Increase the protein in any meal by replacing fat with tofu or beans, including legumes or other plant-based foods into meals, and using cooking techniques that preserve or increase protein. For instance, switching cream in sauce for tofu will raise its protein content; you could even create ground tofu burgers to add to lasagna or manicotti for additional boosts of protein content.
To reach your daily protein target of 100 grams, focus each of your meals around protein-rich foods like meat, dairy products, eggs, dairy-free yogurt, tofu legumes or nuts. This can help ensure you reach your goal without overeating or turning to carbs to feel full. You can also schedule in protein-rich snacks by creating a weekly schedule that covers meals and snacks you plan to prepare, as well as including options that fit into your dietary preferences.
6. Eat Nuts
Protein is essential to a balanced diet, yet consuming 100 grams per day may seem unachievable. That is why it’s essential to focus on including various protein-rich foods into your daily meals and snacks in order to reach this daily target.
Start by developing a meal plan that prioritizes protein-rich foods such as lean meats, eggs, dairy products, legumes, tofu and quinoa. Next add protein-rich snacks like nuts or seeds (e.g. almonds or pumpkin seeds), protein shakes or protein bars into your snack plans.
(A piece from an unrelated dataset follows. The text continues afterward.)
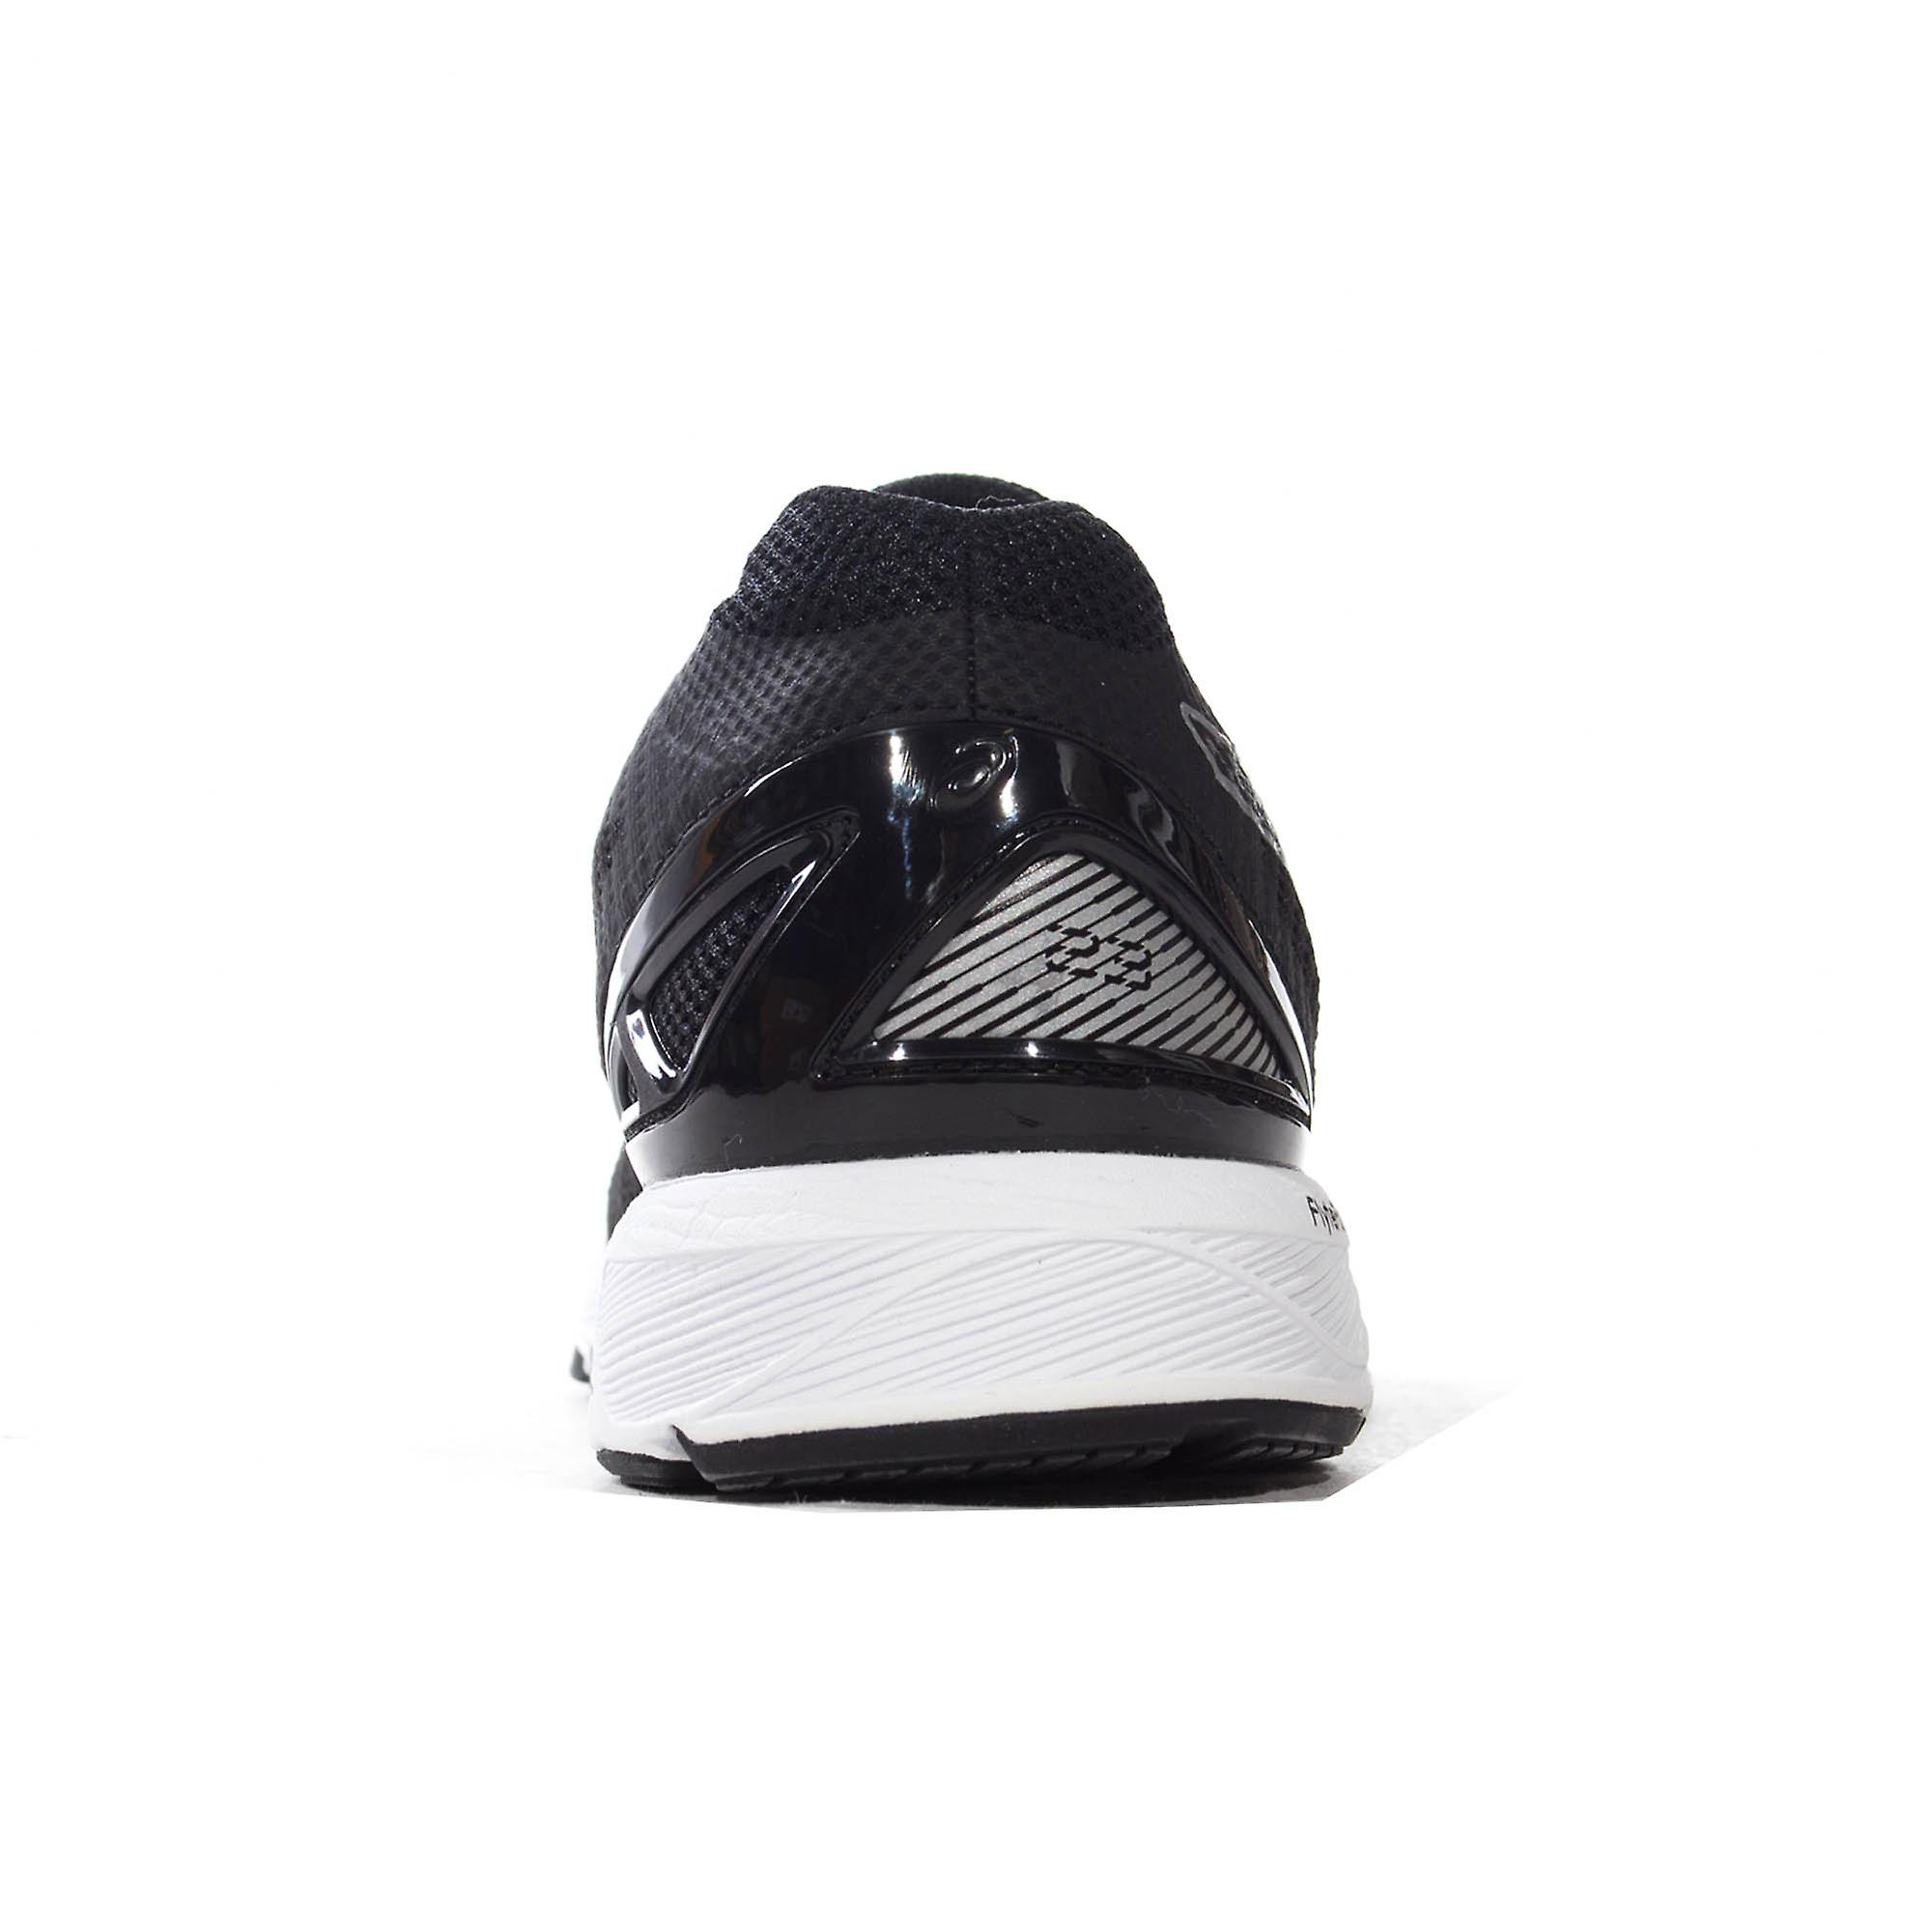 Asics Gel-DS 23 Womens Ladies Running Trainer Shoe Black/Silver

Be sure to select high-quality proteins that are low in saturated fat, processed sugars, and trans fats. Keep in mind that protein doesn’t come exclusively from animal sources – plant foods like beans and other legumes, whole grains, nuts and seeds as well as vegetables and fruits all provide excellent sources of high-quality proteins.
Try incorporating different types of proteins into every meal or snack to maximize their benefits, and experiment with cooking techniques that preserve or increase protein content of dishes you love.
As doing so can cause digestive upset, adding protein gradually over several weeks or months may be easier – for example, making lunch a complete protein meal by including chicken with some roasted chickpeas and quinoa for lunch as one example of such an approach.